(MATERIAL PROVIDED Opens)
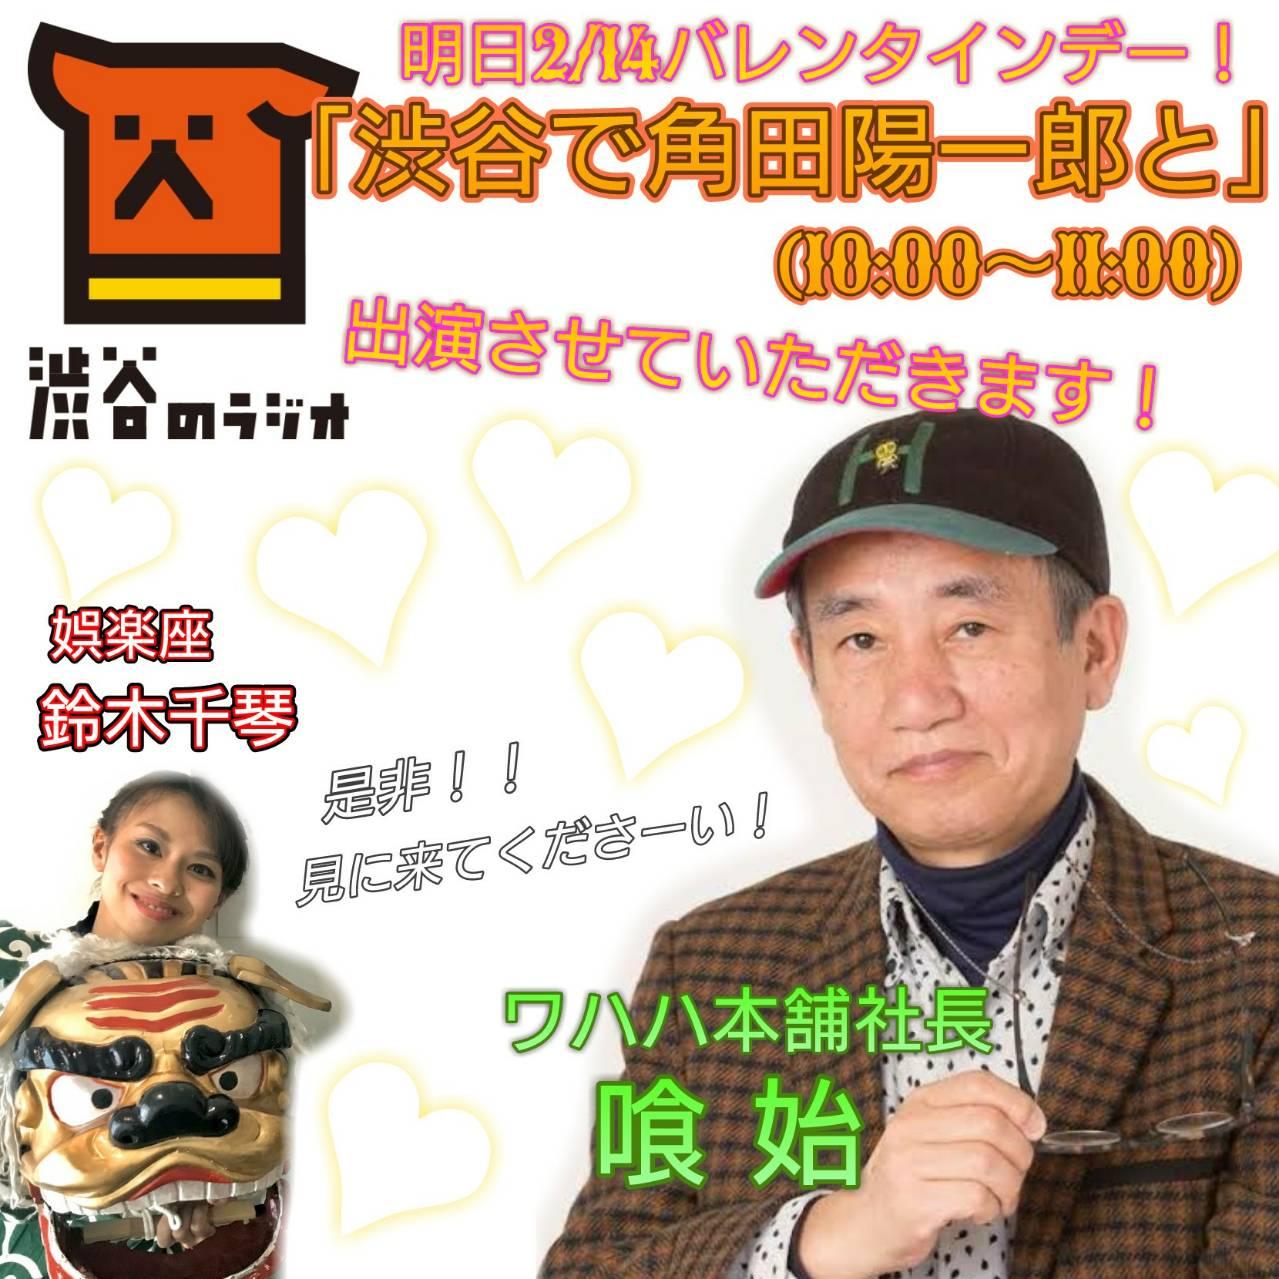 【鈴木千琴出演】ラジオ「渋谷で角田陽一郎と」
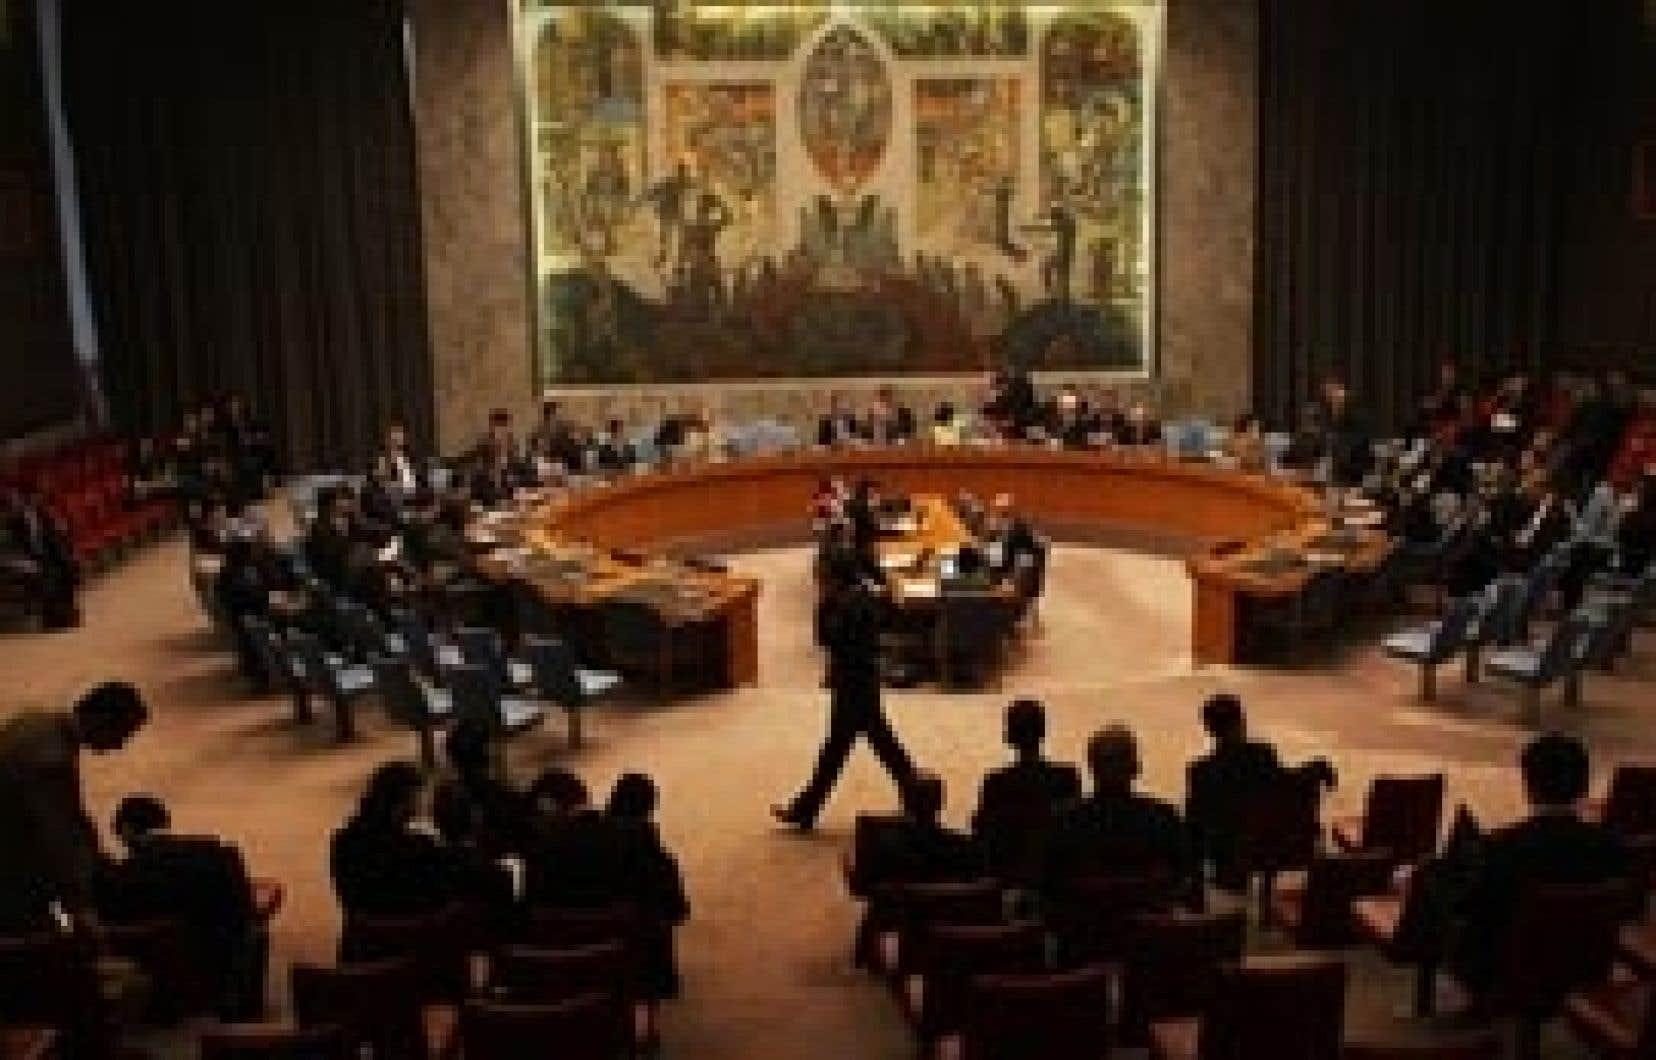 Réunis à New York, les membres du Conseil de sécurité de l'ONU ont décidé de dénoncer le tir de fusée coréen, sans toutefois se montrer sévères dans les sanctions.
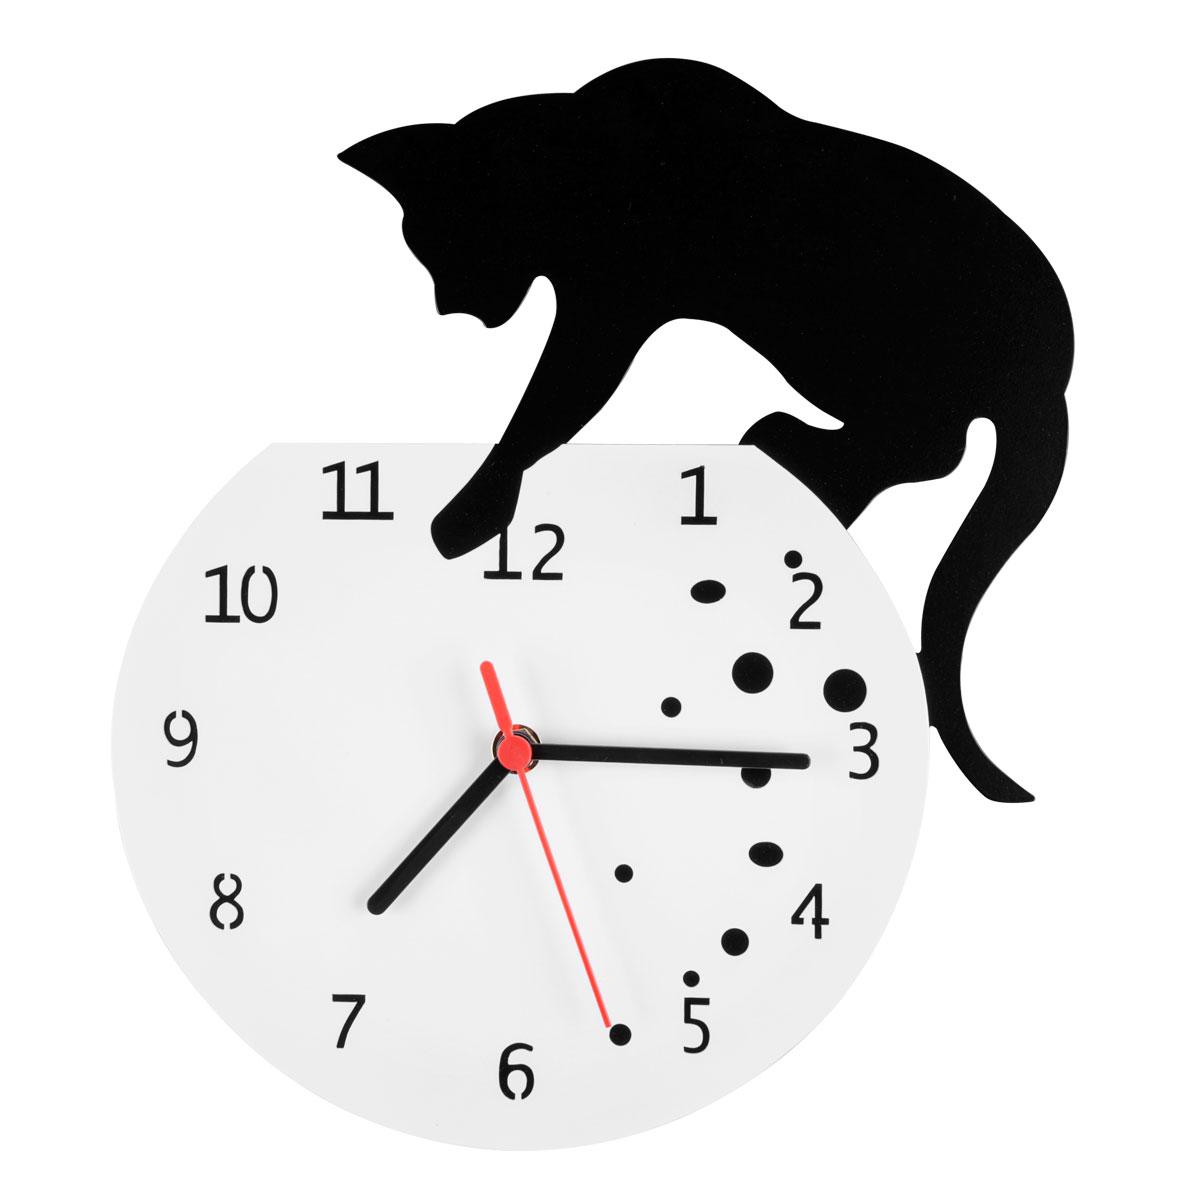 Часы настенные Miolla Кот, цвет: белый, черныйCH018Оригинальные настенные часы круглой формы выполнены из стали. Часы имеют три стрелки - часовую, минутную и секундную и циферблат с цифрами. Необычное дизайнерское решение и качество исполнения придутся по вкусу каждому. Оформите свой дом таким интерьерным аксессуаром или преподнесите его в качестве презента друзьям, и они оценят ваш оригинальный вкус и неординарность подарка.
(MATERIAL PROVIDED Closes)
Nothing but the lines from the line with "Réunis à New" through the end of the listing should appear in the answer, each duplicated exactly, without pictures.

 Réunis à New York, les membres du Conseil de sécurité de l'ONU ont décidé de dénoncer le tir de fusée coréen, sans toutefois se montrer sévères dans les sanctions.
 Часы настенные Miolla Кот, цвет: белый, черныйCH018Оригинальные настенные часы круглой формы выполнены из стали. Часы имеют три стрелки - часовую, минутную и секундную и циферблат с цифрами. Необычное дизайнерское решение и качество исполнения придутся по вкусу каждому. Оформите свой дом таким интерьерным аксессуаром или преподнесите его в качестве презента друзьям, и они оценят ваш оригинальный вкус и неординарность подарка.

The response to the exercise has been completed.